Table 2. Comparison of the dosimetric results of the organs at risk (OARs) among the 3 helical tomotherapy plans with different fan beam thickness
| Maximum Dose (Gy) | D5 (Gy) | Median Dose (Gy) | |||||||
|---|---|---|---|---|---|---|---|---|---|
| FBT-10 | FBT-25 | FBT-50 | FBT-10 | FBT-25 | FBT-50 | FBT-10 | FBT-25 | FBT-50 | |
| Brainstem | 34.4 | 38.9 | 46.1 | 25.0 | 30.0 | 41.0 | |||
| Spinal cord | 26.4 | 30.1 | 37.7 | 20.1 | 25.0 | 34.5 | |||
| Pituitary gland | 38.2 | 40.7 | 45.2 | 32.0 | 36.3 | 41.4 | |||
| Optic chiasm | 20.7 | 32.6 | 42.2 | 17.5 | 30.0 | 38.5 | |||
| Parotid gland | 52.2 | 53.4 | 53.0 | 21.3 | 20.4 | 33.5 | |||
| Optic nerve | 13.1 | 24.8 | 38.3 | 12.8 | 24.5 | 37.8 | |||
| Lens | 2.4 | 6.0 | 12.6 | 2.2 | 5.0 | 11.8 | |||
Discussion
The highly irregular shape of the PTV and the close proximity of many OARs in NPC patients always pose a challenge to radiotherapy, even in IMRT treatment. Helical tomotherapy is capable of shaping the high-dose region around the target volume and producing dosimetric advantages over conventional radiotherapy,9 linac-based IMRT,10, 11 and stereotactic radiosurgery (SRS),12 and is therefore expected to be useful in treating NPC. By following the routine protocol, the current study revealed that the influence of FBT variation did not produce obvious effect to the dose distribution of PTV. The 3 treatment plans could largely fulfill the PTV dose requirements with small differences among them. This uncovered the fact that the 5.0-cm FBT was capable of achieving a reasonable dose to the PTV. The main reason for the small difference was because much higher importance weights were applied on the PTVs dose requirements relative to the OARs during the plan optimization process. As a result, the PTV received doses close to the dose requirements in all treatment plans. However, PTV dose homogeneity did not demonstrate a definite relationship with the FBT because the FBT-25 plan gave the least homogeneous PTV dose among the 3 plans.

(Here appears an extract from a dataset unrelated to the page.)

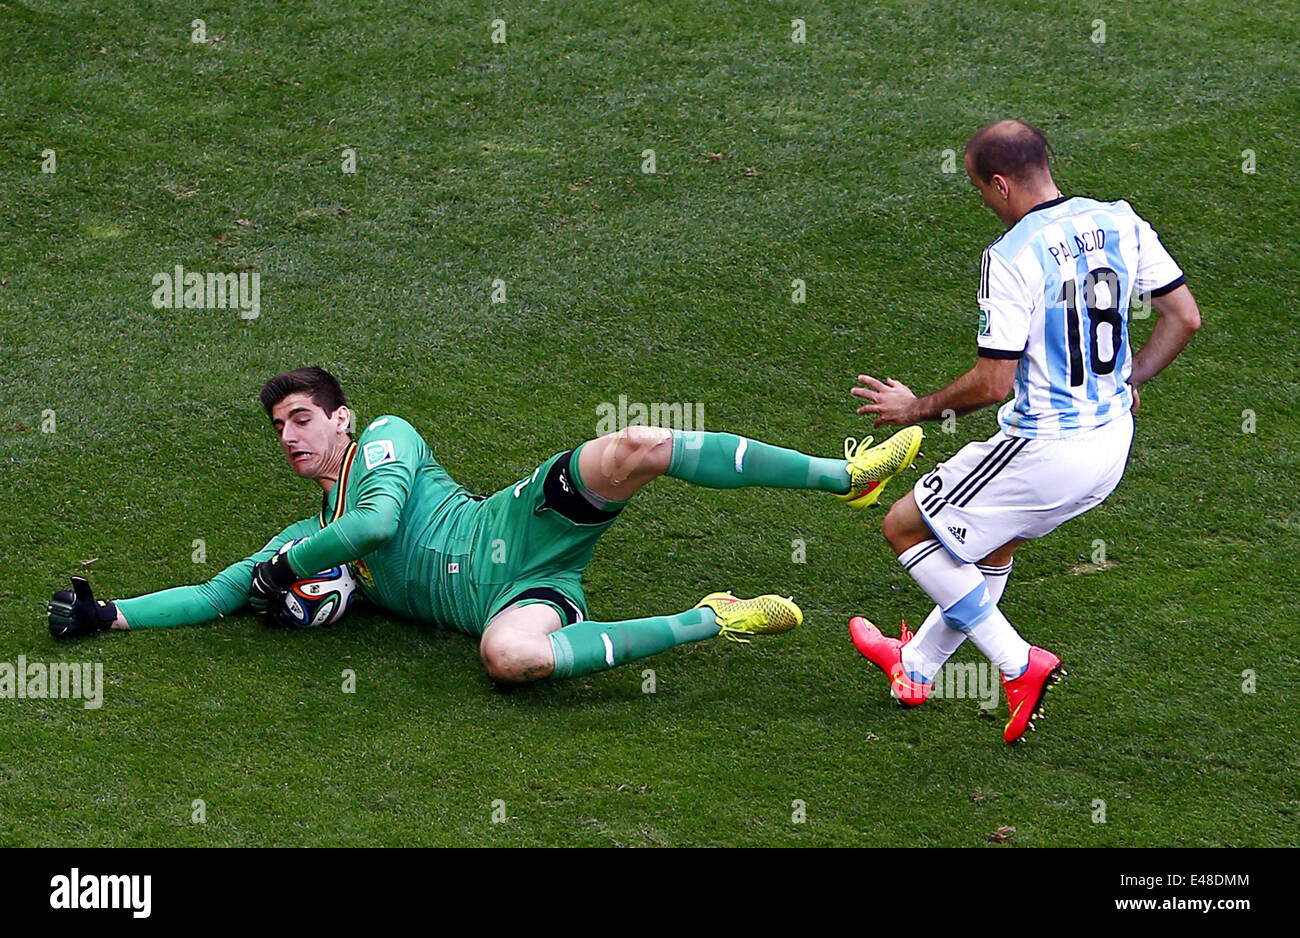 Brasilia, Brazil. 5th July, 2014. Belgium's goalkeeper Thibaut Courtois (L) blocks the ball during a quarter-finals match between Argentina and Belgium of 2014 FIFA World Cup at the Estadio Nacional Stadium in Brasilia, Brazil, on July 5, 2014. Argentina won 1-0 over Belgium and qualified for the semi-finals. Credit:  Liu Bin/Xinhua/Alamy Live News Stock Photo

A consistent pattern was observed in the OAR dose differences among the 3 treatment plans. The smallest FBT (FBT-10 plan) provided the best sparing of the OARs, whereas the poorest sparing was found in the largest FBT. The results illustrated that the thickest FBT was not able to fulfill all dose requirements. It was expected that it would be more difficult for larger FBT to provide fine dose distribution compared with the smaller FBT. As a result, to achieve the dose objectives of the PTV, the doses to the OARs were compromised. Many of the doses to the OARs in the FBT-50 plan were not acceptable. For instance, the D5 to the spinal cord and brainstem approached 70% of the prescribed dose. Also, the doses to the optical organs, including the lens, optic nerve, and optic chiasm, also significantly exceeded their dose constraints, and were not acceptable. Comparing between the FBT-10 and FBT-25 plans, the former plan was superior in sparing the OARs and their differences were obvious except for the parotid glands.
Purely from the dosimetry point, smaller FBT was preferred because it would improve the PTV dose homogeneity and better spare the OARs, which is often a challenge to NPC cases because there are many OARs in close proximity to the PTV. The trade-off would be the increase of treatment time, which could be significant for long PTV as in the NPC cases. As for this NPC patient with stage T2N1, the PTV was moderate in size and was at reasonable distances from the OARs, so the dosimetric outcome of the FBT-25 plan was acceptable. It is recommended that the 1.0-cm FBT would be required for the more extensive tumor with close proximity with many OARs, so as to provide effective sparing of the OARs. On the other hand, the 5.0-cm FBT was not recommended for NPC because of its poor sparing of OARs.
Conclusion
This case study demonstrated that the variation of FBT in tomotherapy affected the quality of the treatment plan mainly in the OAR doses, but not so much in that of the PTV. Increasing the FBT reduced the effectiveness in OAR sparing. The treatment plan generated from the 2.5-cm beamwidth was acceptable for the selected case. It was recommended that more advanced tumor involvements with OARs in close proximity to the PTV would require FBT of 1.0 cm.
Acknowledgment
This work was supported by a research grant from Hong Kong Polytechnic University.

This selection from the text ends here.